Page 1 of 1
WIP Chell shooting portal gun
Posted: 23 Jul 2012, 11:05
by Phlan
It just looks really robotic at the moment and I'm not sure how to fix it, any advice?
Re: WIP Chell shooting portal gun
Posted: 23 Jul 2012, 11:50
by slowtiger
Possible points of improvement:
1. Head and shoulders stay at same position even when arms fling around wildly. Upper body needs to balance weight shift.
2. Eyes don't roll. They only move that slowly when they follow a slowly moving object. Otherwise they change position very fast and stay there. (No inbetween.)
3. Avoid that totally smmetric front view. Try something just a bit to teh side, then just a bit more to the other side. That way you also have more head movement with the opportunity to some small follow throuh of the bangs.
4. Is that supposed to be heavy breathing in the middle? Do it yourself and notice that your head moves as well.
Re: WIP Chell shooting portal gun
Posted: 23 Jul 2012, 13:58
by Paul Fierlinger
I like your notes, slowtiger, and to that I would add that to avoid such mechanical acting I always redraw the entire figure throughout all its inbetweens. This labor saving device of splitting a single action of a character into several layers is not a good idea and should be avoided, as this example exemplifies.
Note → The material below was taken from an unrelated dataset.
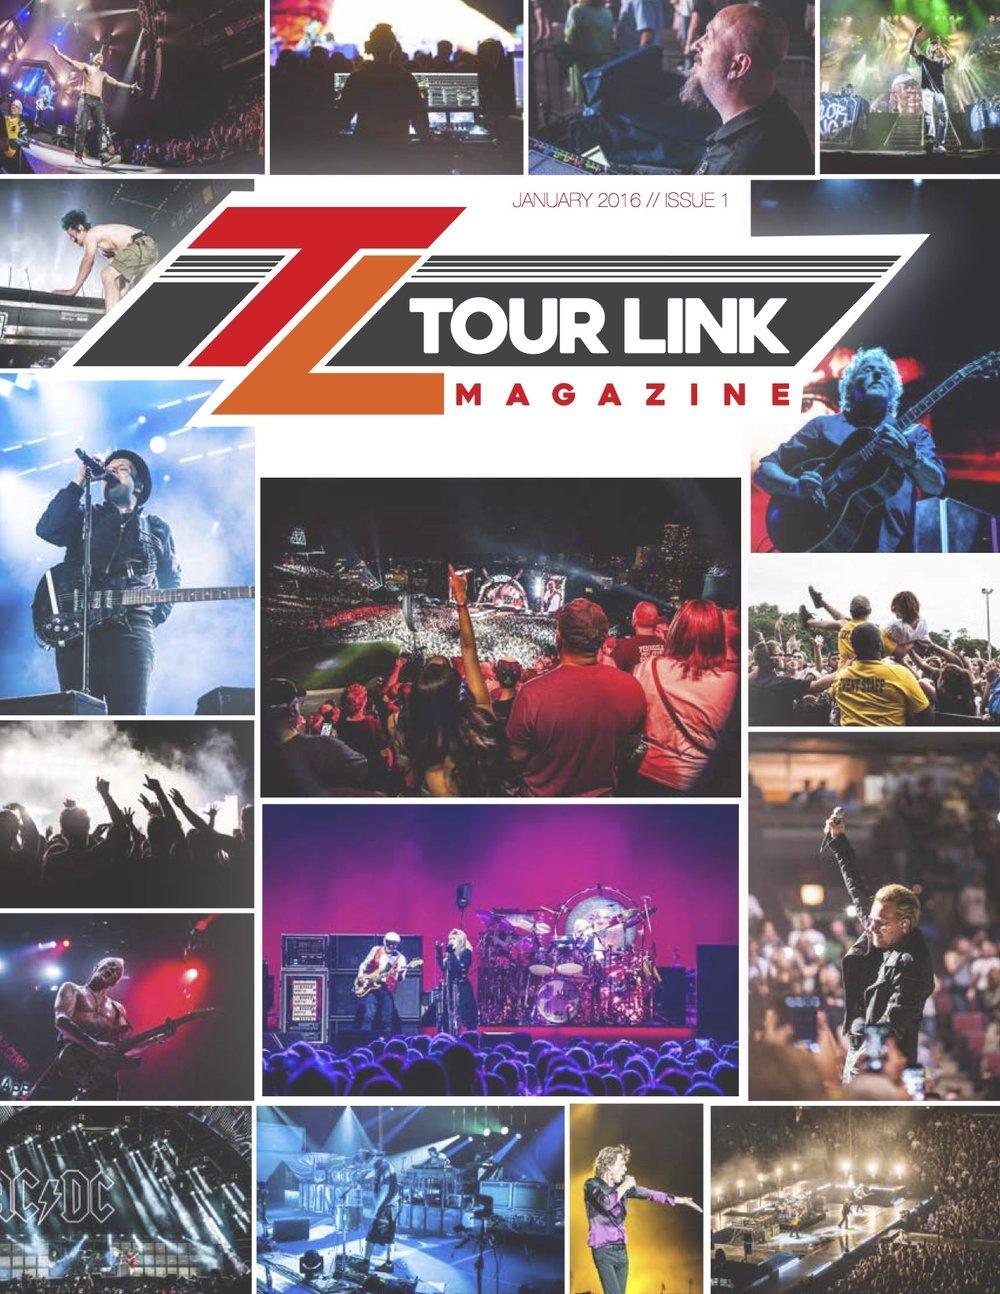 Tour Link Magazine, Issue 1

If you would to draw each frame as an entirely new drawing, you would get bored by mechanically tracing previous frames, which would push you into a proper dynamic style of acting.
Re: WIP Chell shooting portal gun
Posted: 30 Jul 2012, 11:37
by artfx
That and for the lone artist I find that splitting things into too many layers ends up taking longer and seems like more work than just drawing it over on each frame.
Re: WIP Chell shooting portal gun
Posted: 31 Jul 2012, 07:49
by slowtiger
I find that splitting things into too many layers ends up taking longer and seems like more work than just drawing it over on each frame.
It depends ... partly on your experience with the process, and mostly on when to use it. Surely you shouldn't split parts while still doing roughs, as most likely you will loose the internal connection between them, the line of action, the tension. But for cleanup and coloring it's totally OK (if it fits the style).
There seems to be no general rule here. I tested several procedures, all with the aim of saving workload, and found that often I can do a new cleanup plus colour faster than fiddle with different layers, sort out which frame will be re-used where, and so on. And it also depends on "will the audience notice", which size are the characters, does the outline need to be alive, etc.
I still struggle with getting away from too clean and too exact drawings. Right now it helps to start with a fully coloured scene layout - it's very dark stuff - to avoid too small movements and unnecessary details.
Re: WIP Chell shooting portal gun
Posted: 01 Aug 2012, 12:09
by artfx
slowtiger wrote:
I still struggle with getting away from too clean and too exact drawings. Right now it helps to start with a fully coloured scene layout - it's very dark stuff - to avoid too small movements and unnecessary details.
I struggled with that for quite some time, but I think I found my comfortable medium now. Since that I am experimenting with even more "natural" looks and style. I am glad TVP gives so many possibilities!